### Records supplied
^^^^

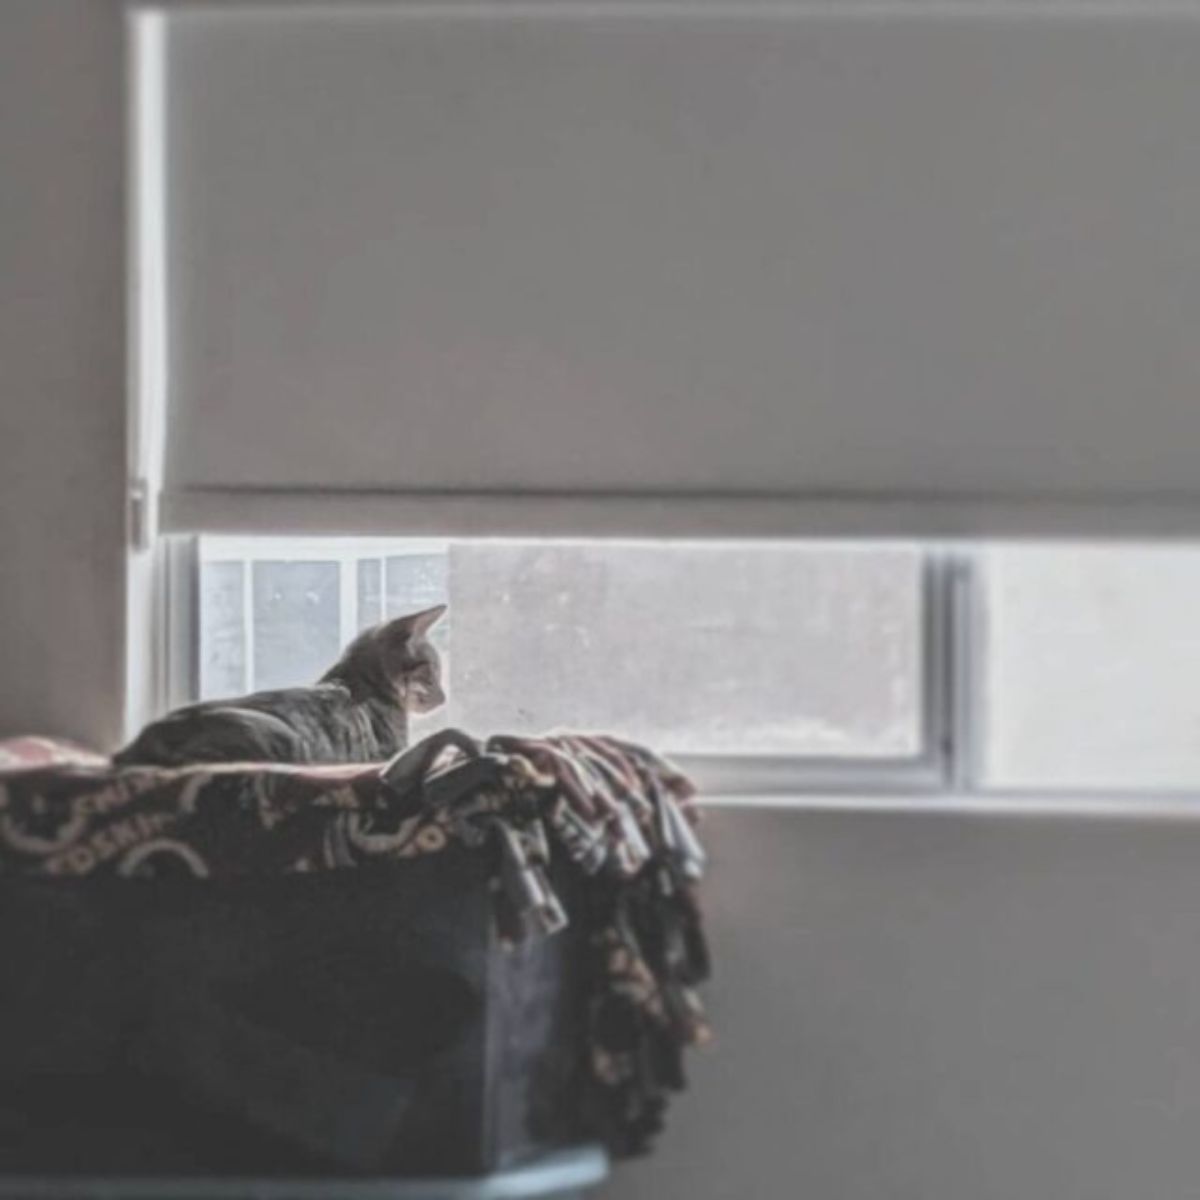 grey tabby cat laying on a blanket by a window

^^^^

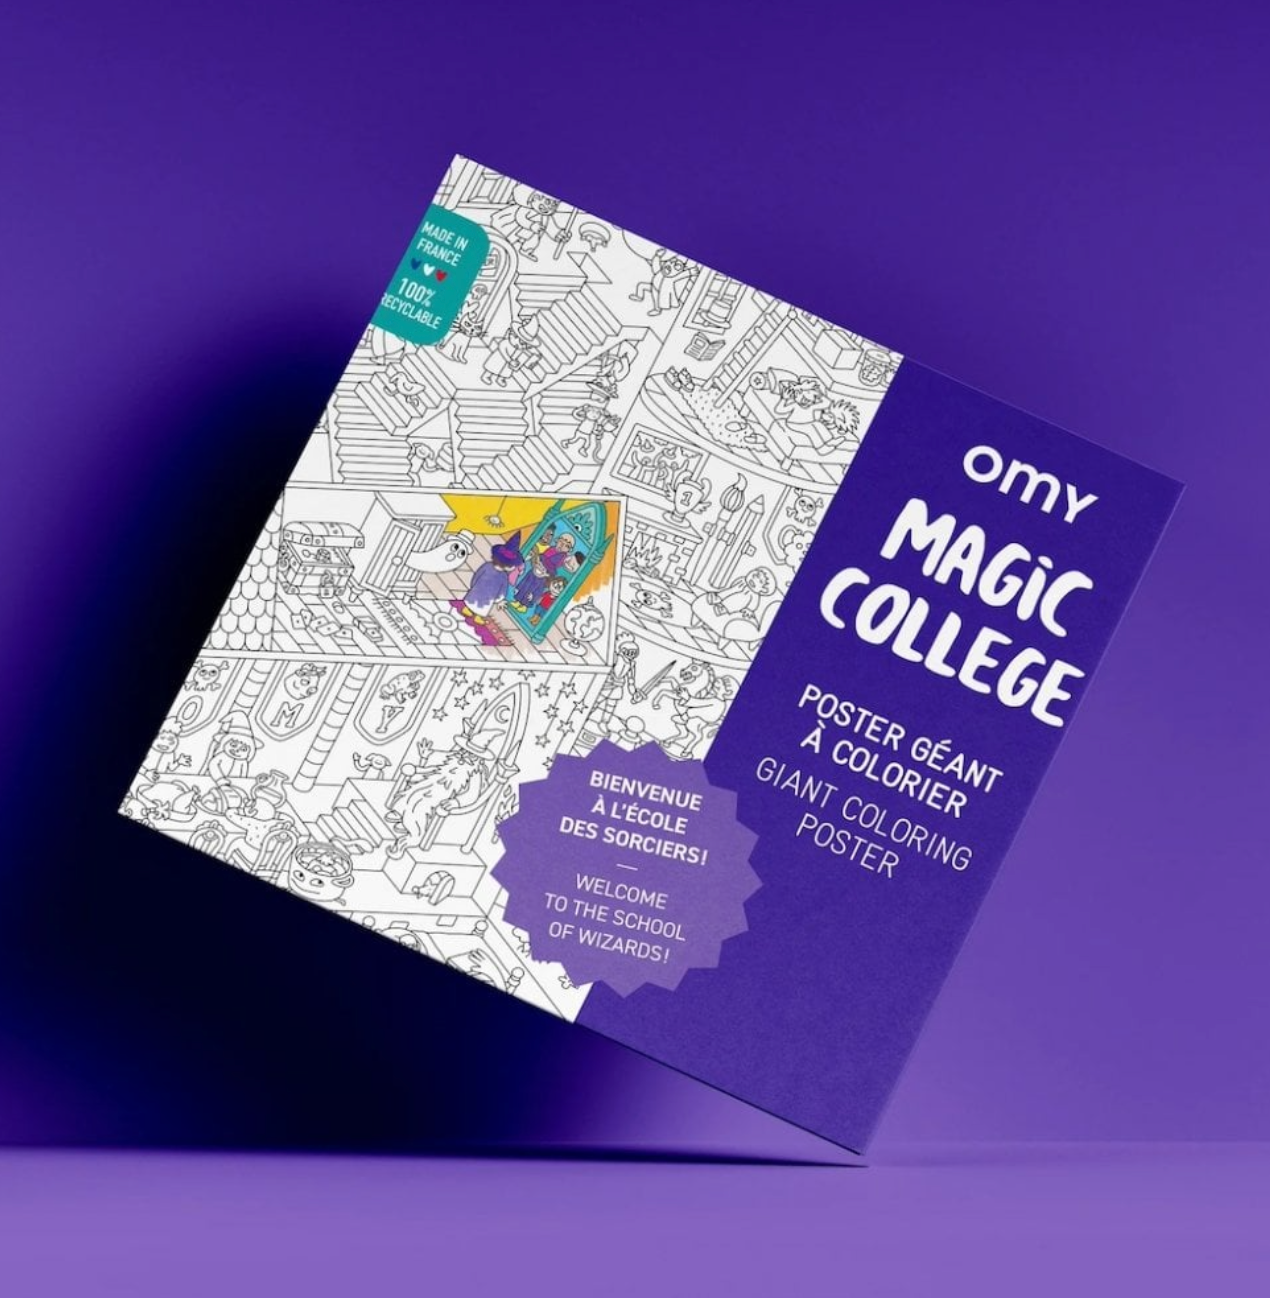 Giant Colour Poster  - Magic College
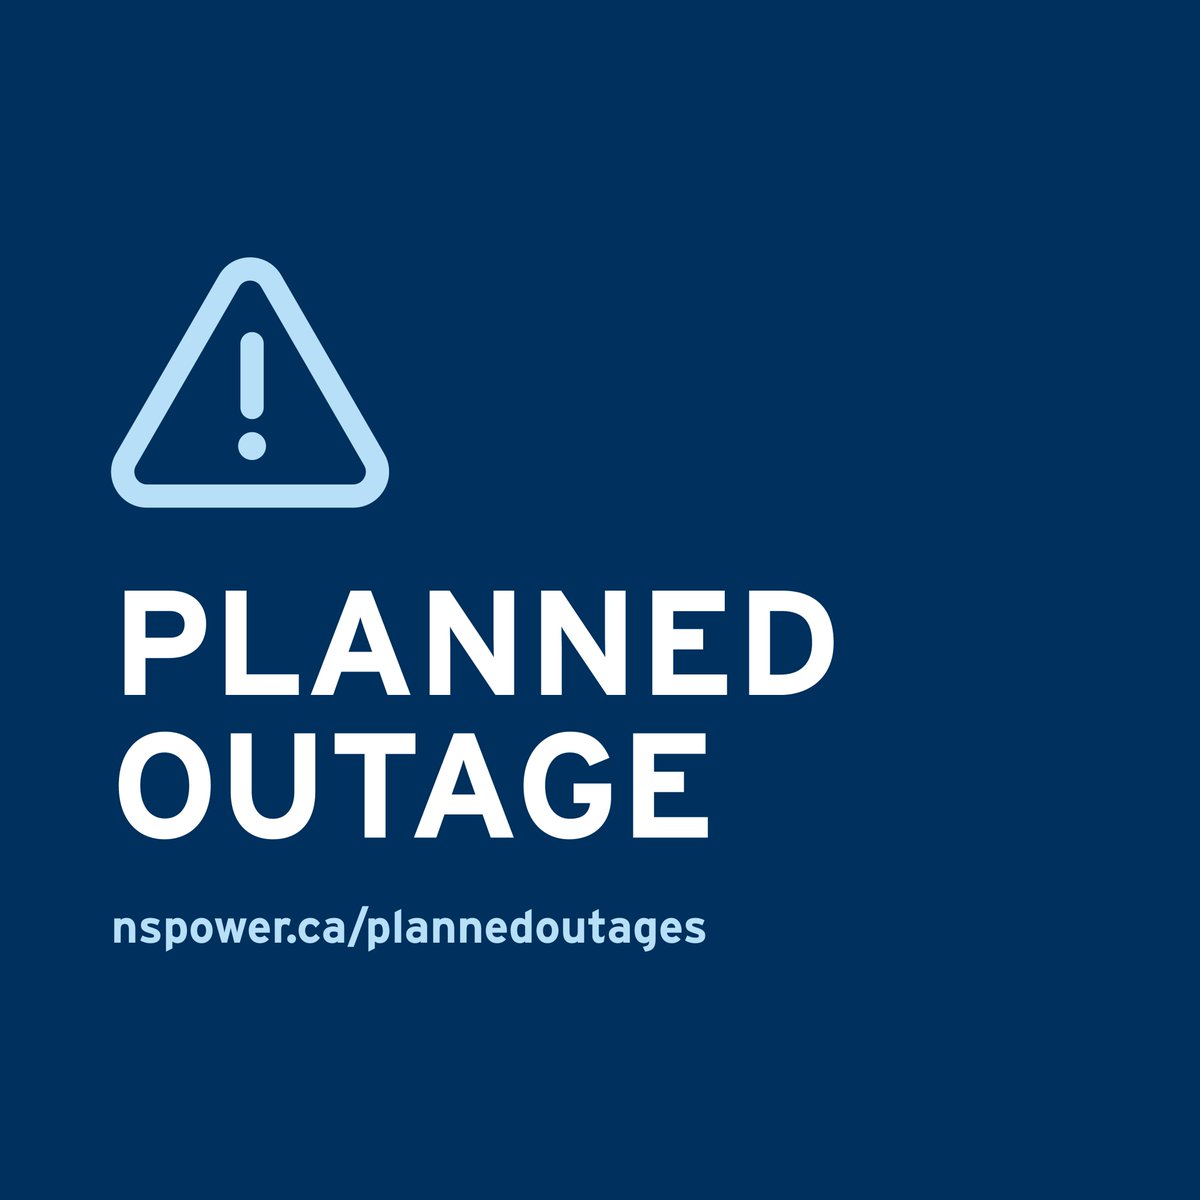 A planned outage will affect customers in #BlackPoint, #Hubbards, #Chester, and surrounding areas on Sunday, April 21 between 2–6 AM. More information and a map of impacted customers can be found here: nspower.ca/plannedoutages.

^^^^

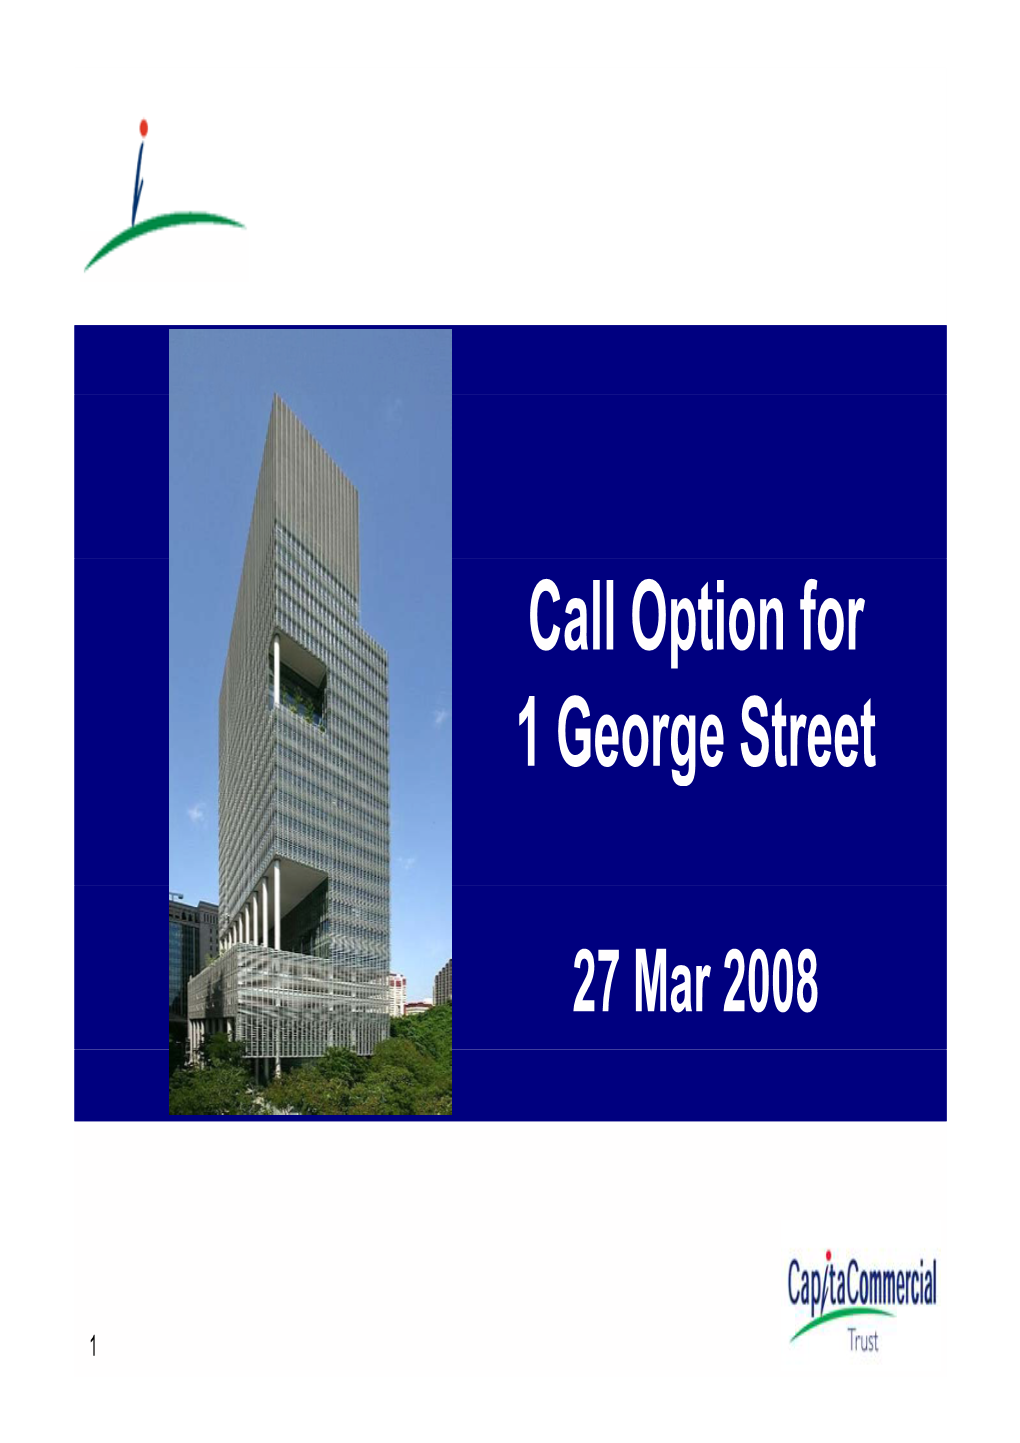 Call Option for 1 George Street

^^^^

### Exercise goal
From the records above, write out exactly the lines that begin at the line with "Giant Colour Poster" and end at the line with "A planned outage". Pictures must not appear in the output.

### Solution to the exercise
 Giant Colour Poster  - Magic College
 A planned outage will affect customers in #BlackPoint, #Hubbards, #Chester, and surrounding areas on Sunday, April 21 between 2–6 AM. More information and a map of impacted customers can be found here: nspower.ca/plannedoutages.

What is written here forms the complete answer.